The SDLC Development Model (Waterfall Model)

SDLC (Software Development Life Cycle, or System Development Life Cycle) is the traditional, Waterfall approach to systems analysis and design.  It starts with a heavy, documented, requirements-planning-and-sign-off's process, followed by coding, test-case, and user-guide generation, then finally verification (alpha-testing), validation (beta-testing), and release.

According to a recent 2007 survey by VersionOne, nearly 70% of software development organizations are still using the SDLC Development Model.  Others claim the model is outdated and point to the Standish Group's famous CHAOS report as evidence. 

It's been my experience that the software development community is lacking good models for the Waterfall Life Cycle, and that many of these project failures are not because of the Waterfall methodology, but rather, because the teams in question don't know how to implement a Waterfall model successfully.
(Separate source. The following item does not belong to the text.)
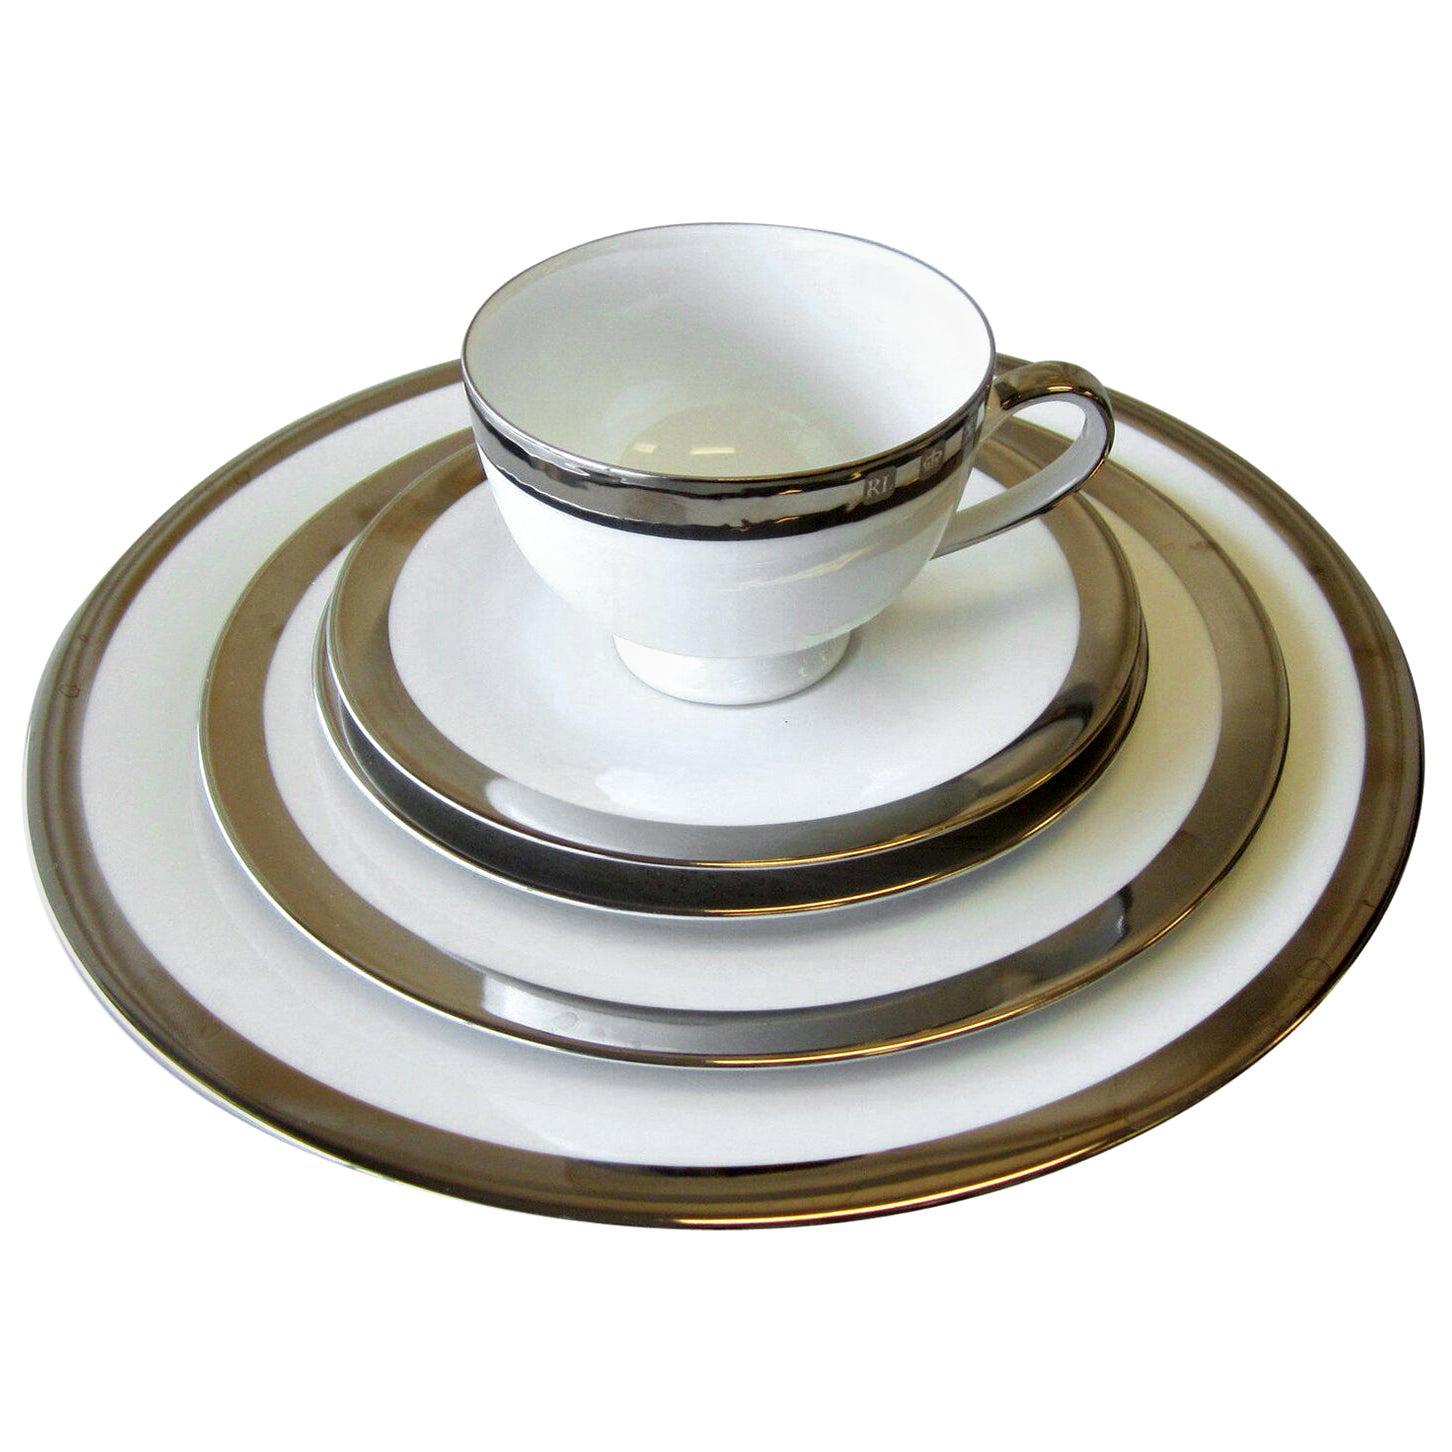 Ralph Lauren Academy Platinum Dinnerware, Set of 4 Place Settings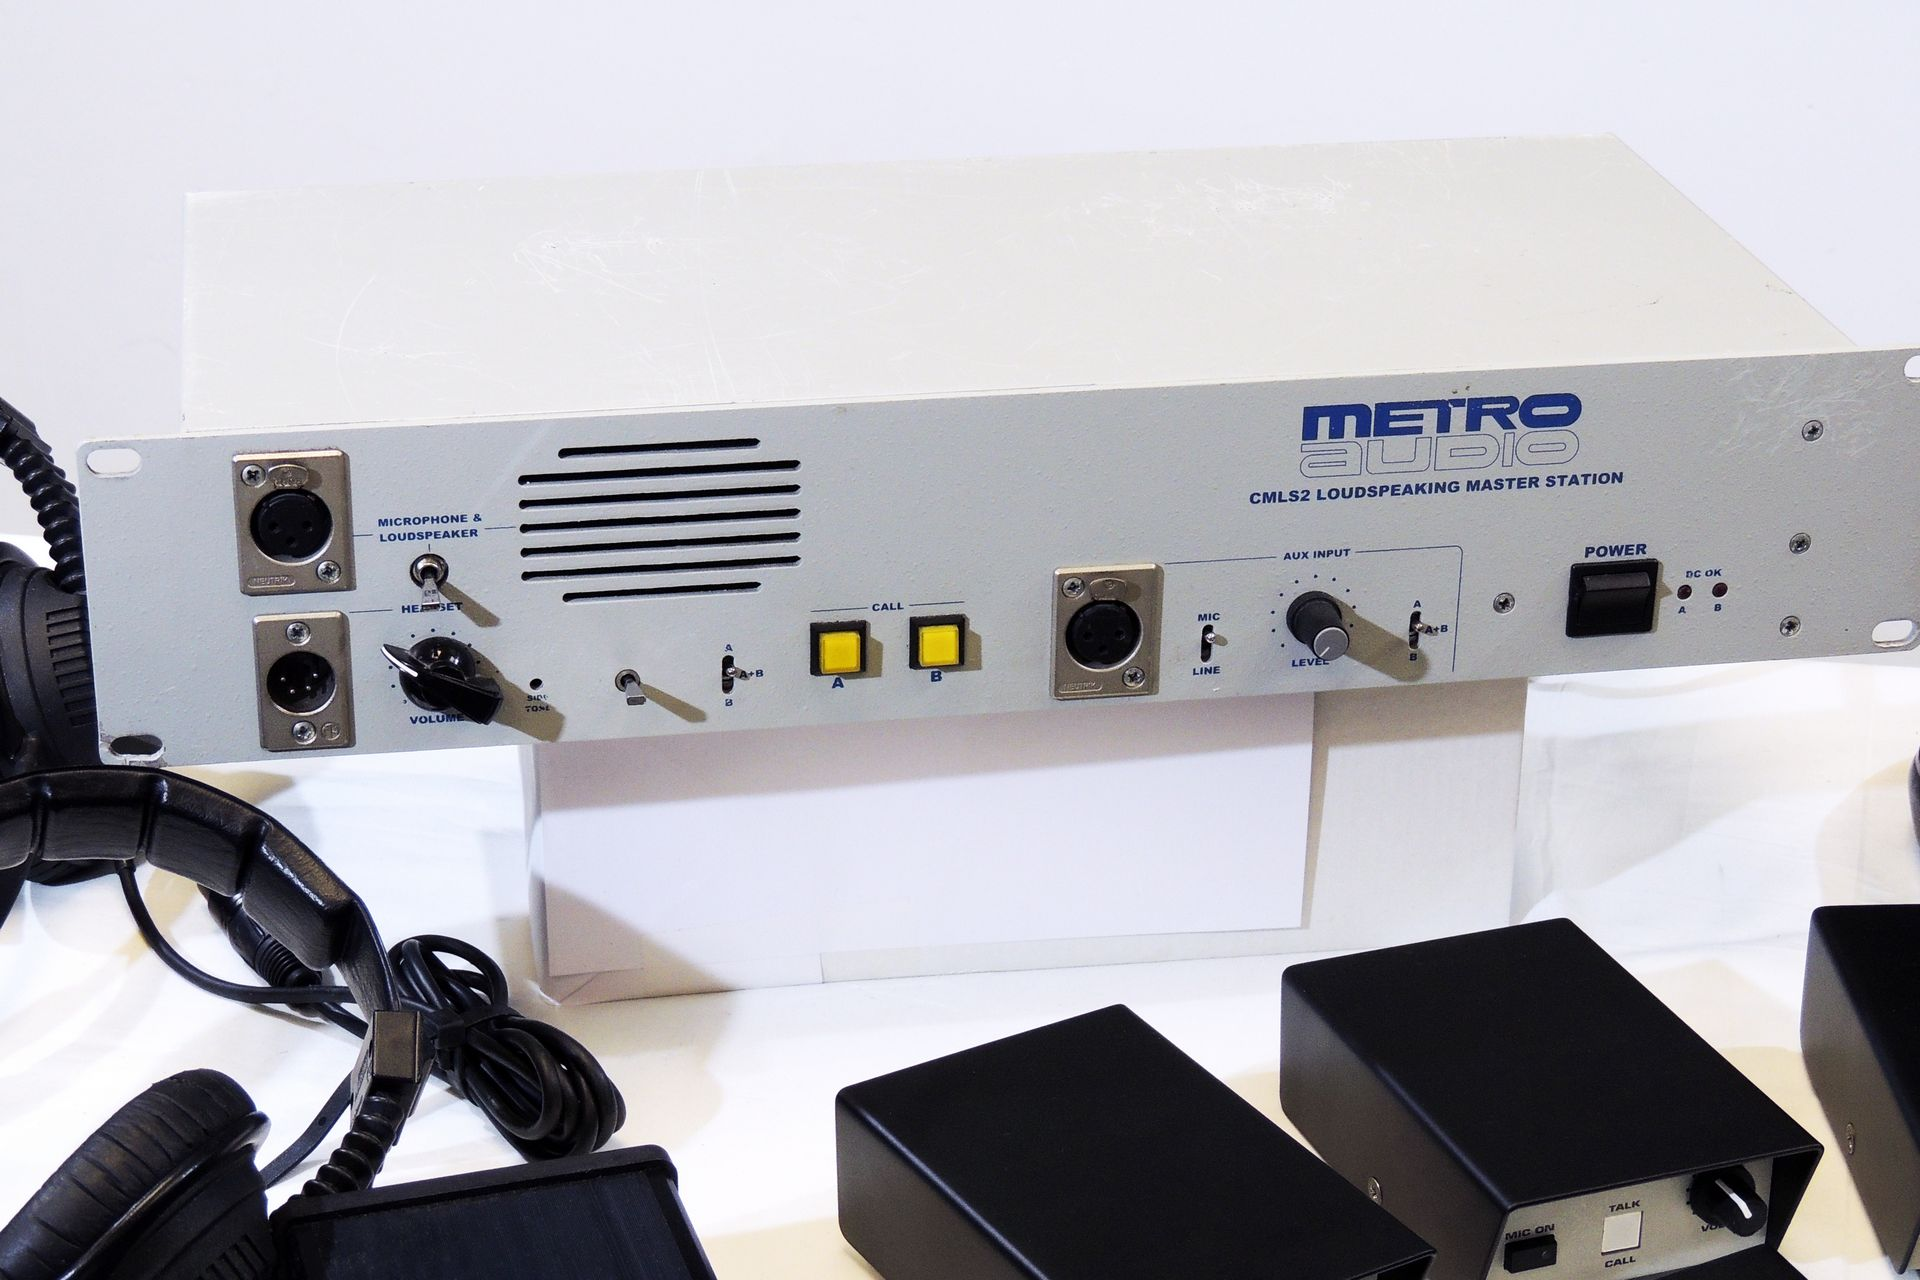 Metro Audio Stonewood theatre coms system for sale at Plasma Music

Although the paperwork is heavy, if performed correctly, this paperwork becomes your quality system, and your up-front quality investment.  It does take longer for the product development group to implement a successful waterfall model, but the benefit to the entire organization--and the customer--is a highly-commercialized product, complete with a thorough users-guide, test-script, validation traceability, release-notes, and a more-accurate timeline-estimation throughout the course of the development project.  Companies that benefit from a highly-commercialized product, like this, require much smaller customer-support teams, enjoy higher customer-retention rates, and have more product-informed customers. 

Many mission-critical systems require the quality inherent in the Waterfall model.  Air-traffic control, life-critical medical software, large-scale government software, and other large enterprise-level software systems should be performed using Waterfall, or SDLC.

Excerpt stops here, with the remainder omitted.